What you will do
The expected response is the complete listing below, restated exactly, with its pictures omitted.

Information shown
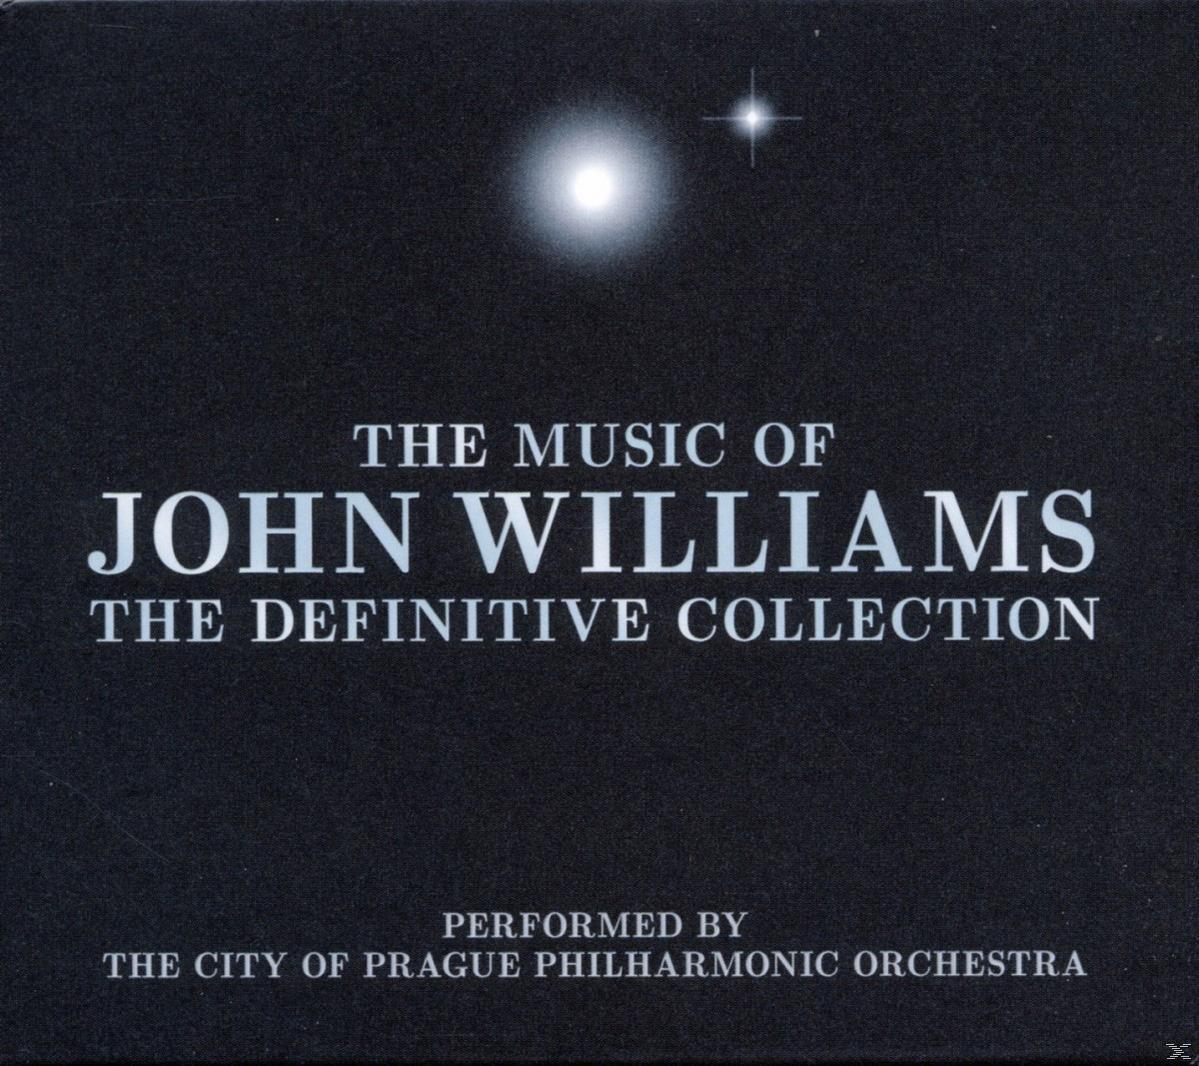 The City Of Prague Philharmonic Music (CD) John Music The Definitive Collection Jazz Works, Of - - London - Williams Orchestra The N.Y. Orchestra
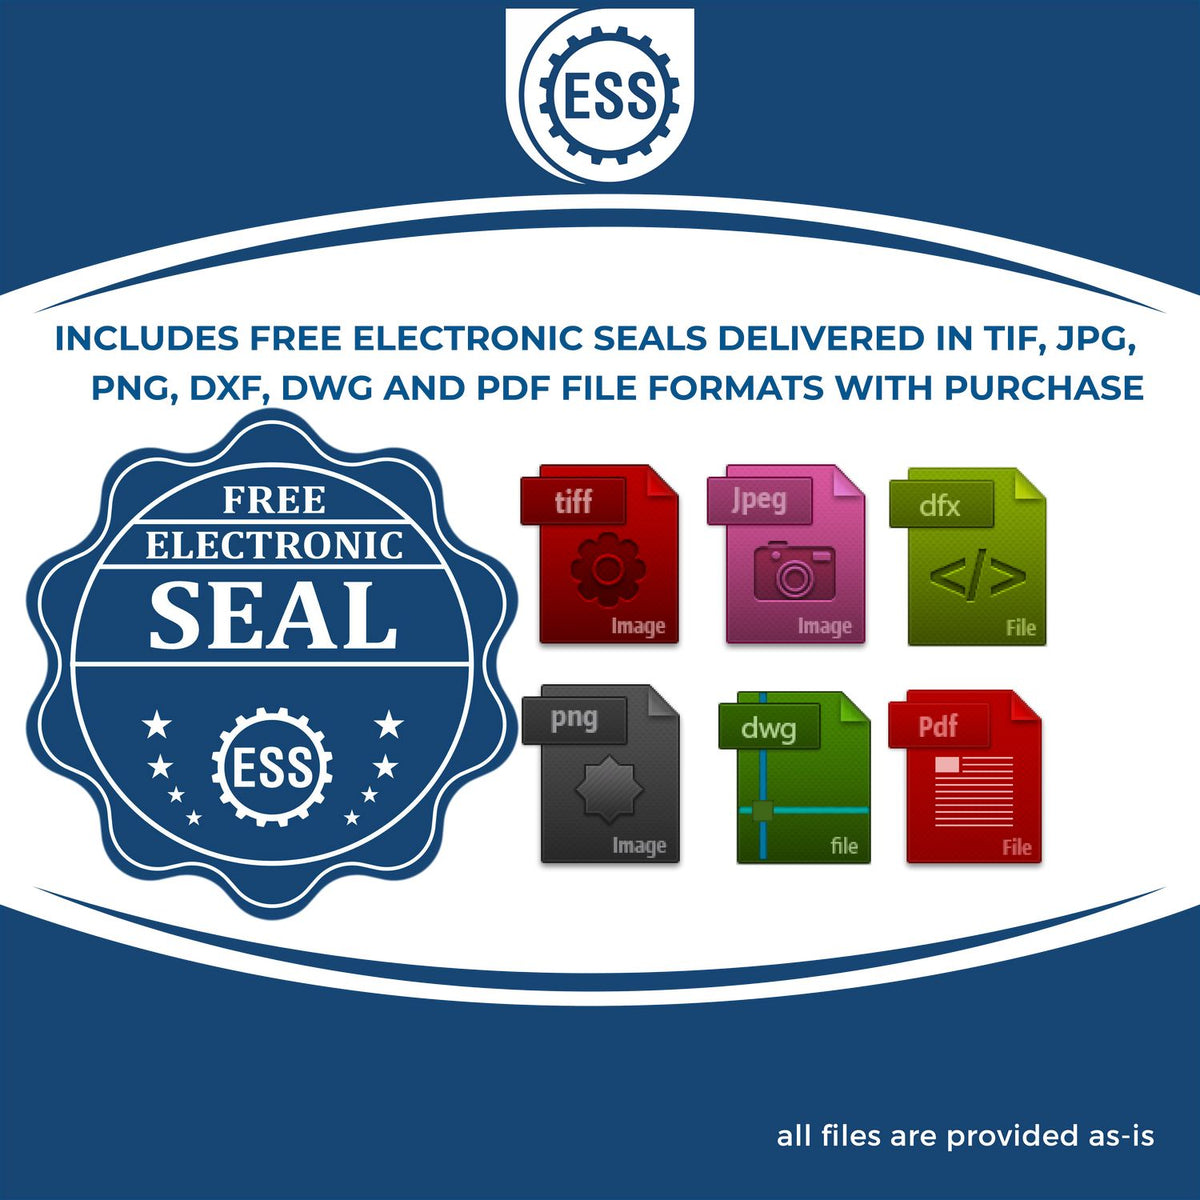 An infographic for the free electronic seal for the Slim Pre-Inked Kentucky Professional Geologist Seal Stamp illustrating the different file type icons such as DXF, DWG, TIF, JPG and PNG.
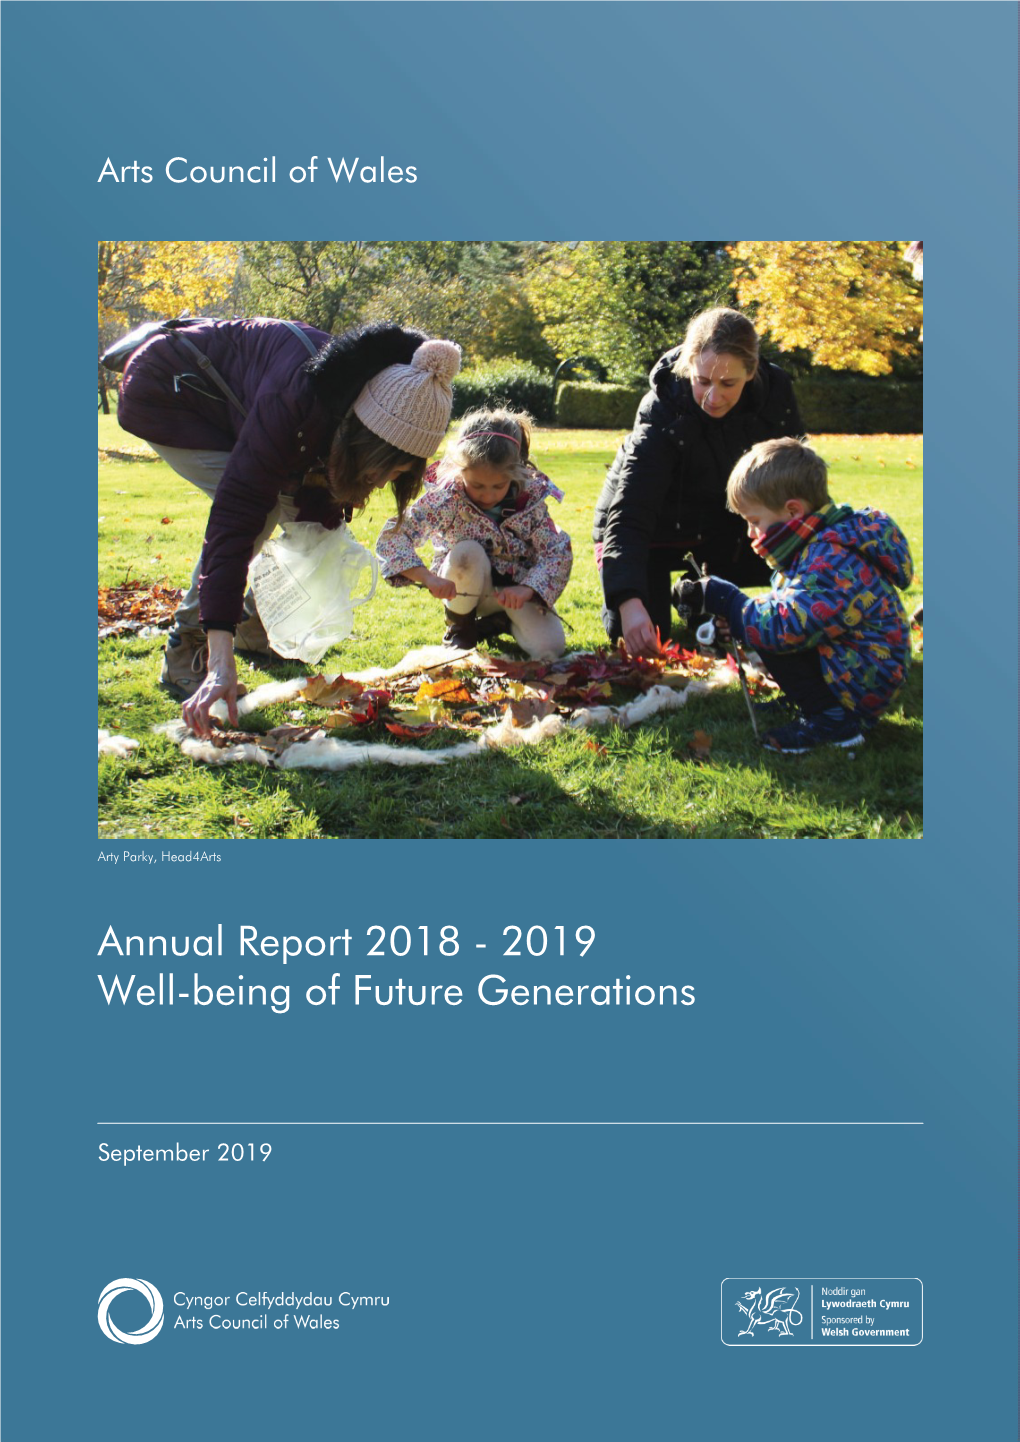 Annual Report 2018 - 2019 Well-Being of Future Generations

Solution to the problem
 The City Of Prague Philharmonic Music (CD) John Music The Definitive Collection Jazz Works, Of - - London - Williams Orchestra The N.Y. Orchestra
 An infographic for the free electronic seal for the Slim Pre-Inked Kentucky Professional Geologist Seal Stamp illustrating the different file type icons such as DXF, DWG, TIF, JPG and PNG.
 Annual Report 2018 - 2019 Well-Being of Future Generations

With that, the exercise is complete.